— Exercise goal —
Your answer must be an exact copy of the data, without any pictures.

— Input data —
◇ ◇ ◇
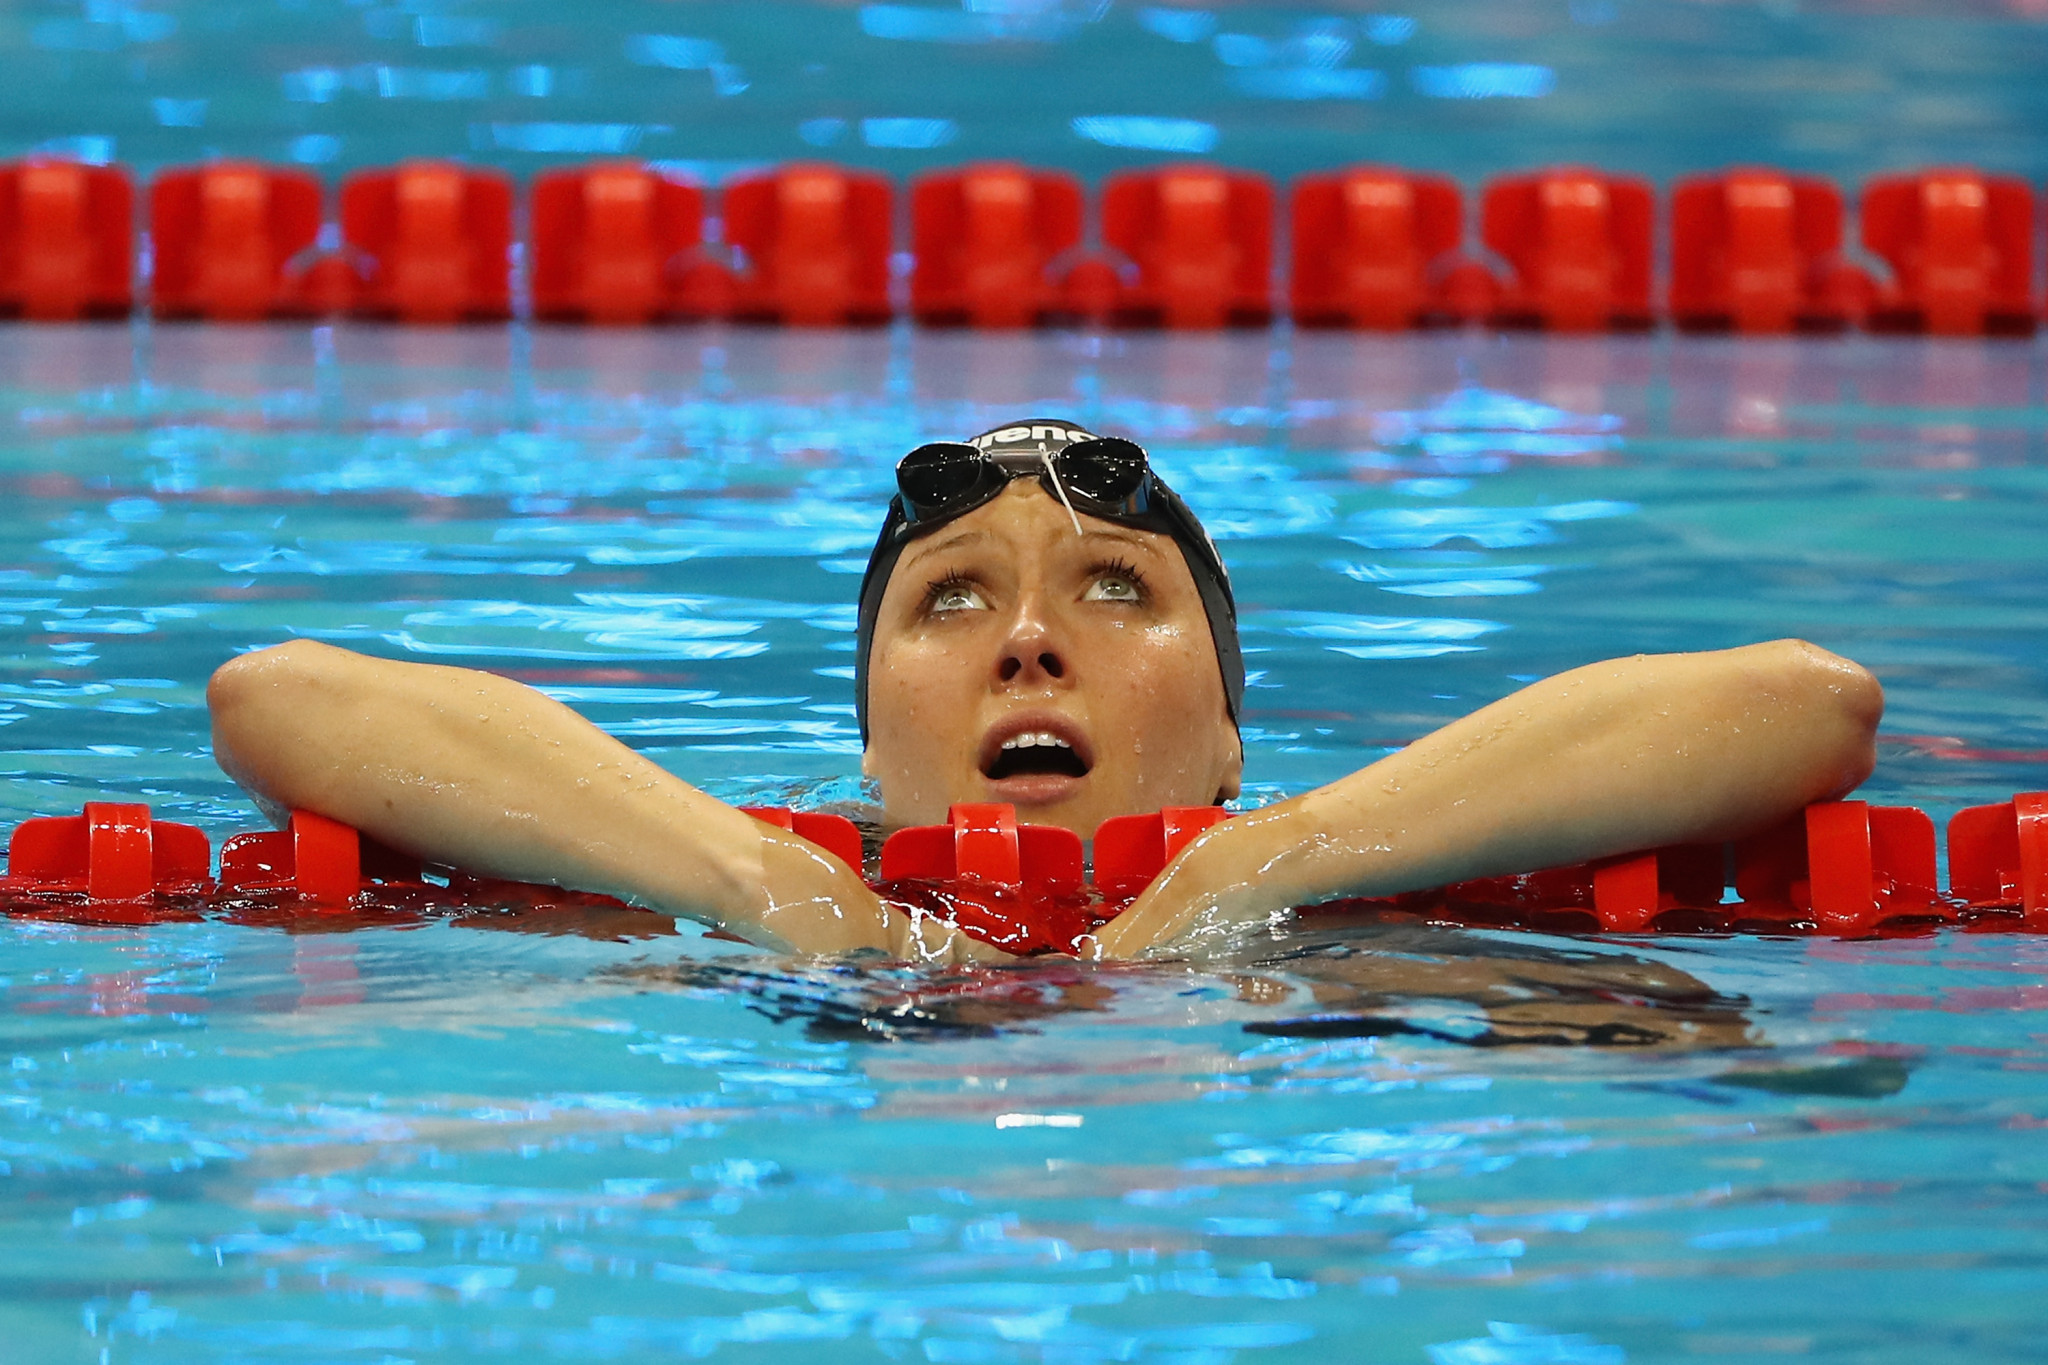 Long secures ninth gold as World Para Swimming Championships conclude in Mexico City
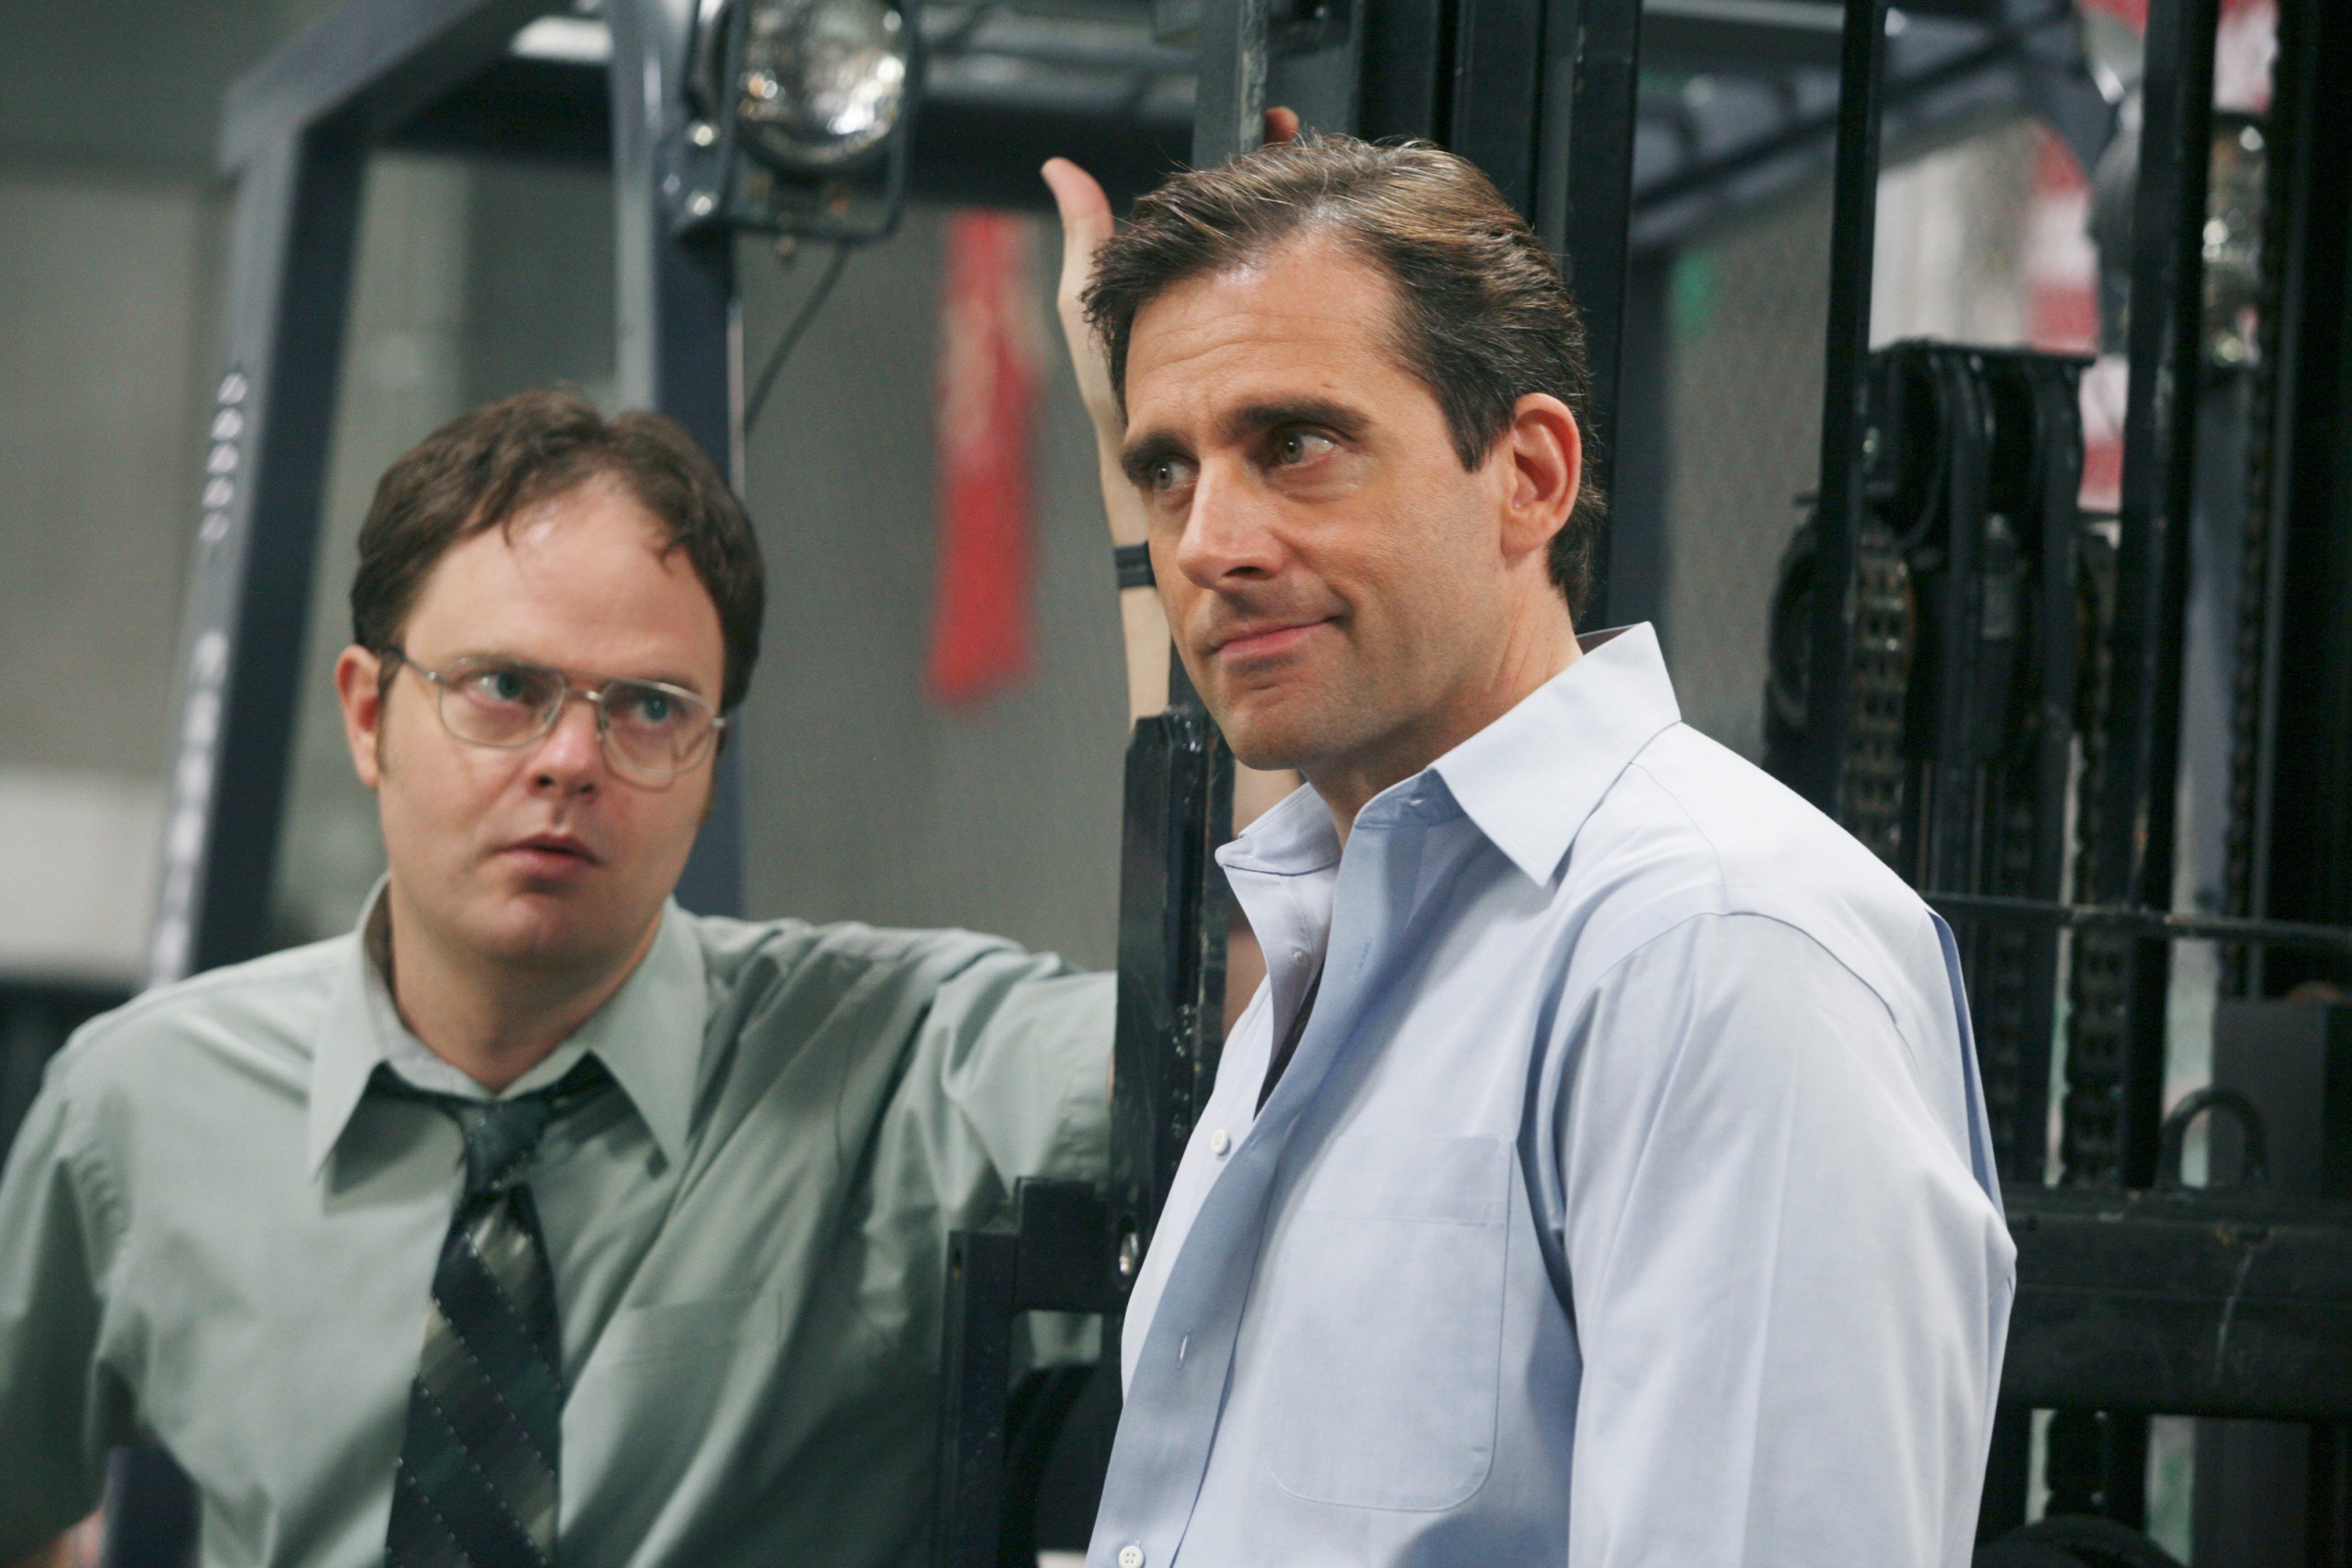 ‘The Office’: Rainn Wilson Says the Show ‘Sent up a Problem’ About This Hot Button Issue
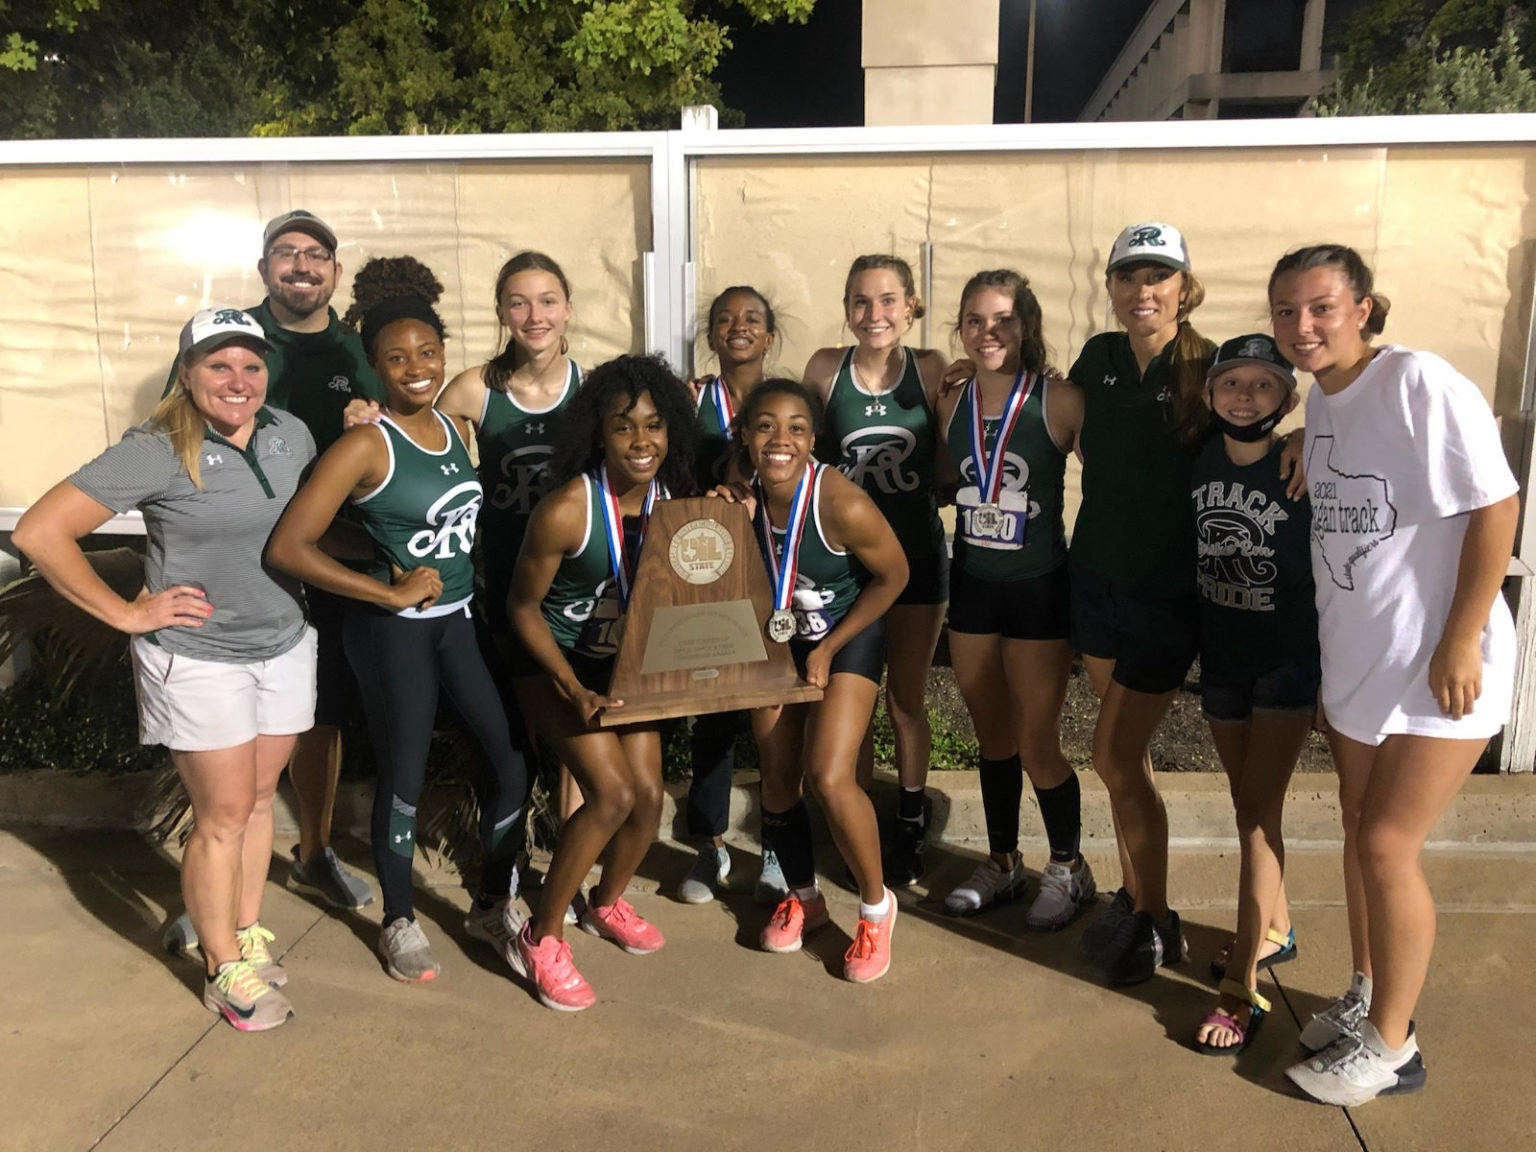 Reagan Girls earn SILVER in the UIL 6A State Track & Field
◇ ◇ ◇
— Response to this task —
 Long secures ninth gold as World Para Swimming Championships conclude in Mexico City
 ‘The Office’: Rainn Wilson Says the Show ‘Sent up a Problem’ About This Hot Button Issue
 Reagan Girls earn SILVER in the UIL 6A State Track & Field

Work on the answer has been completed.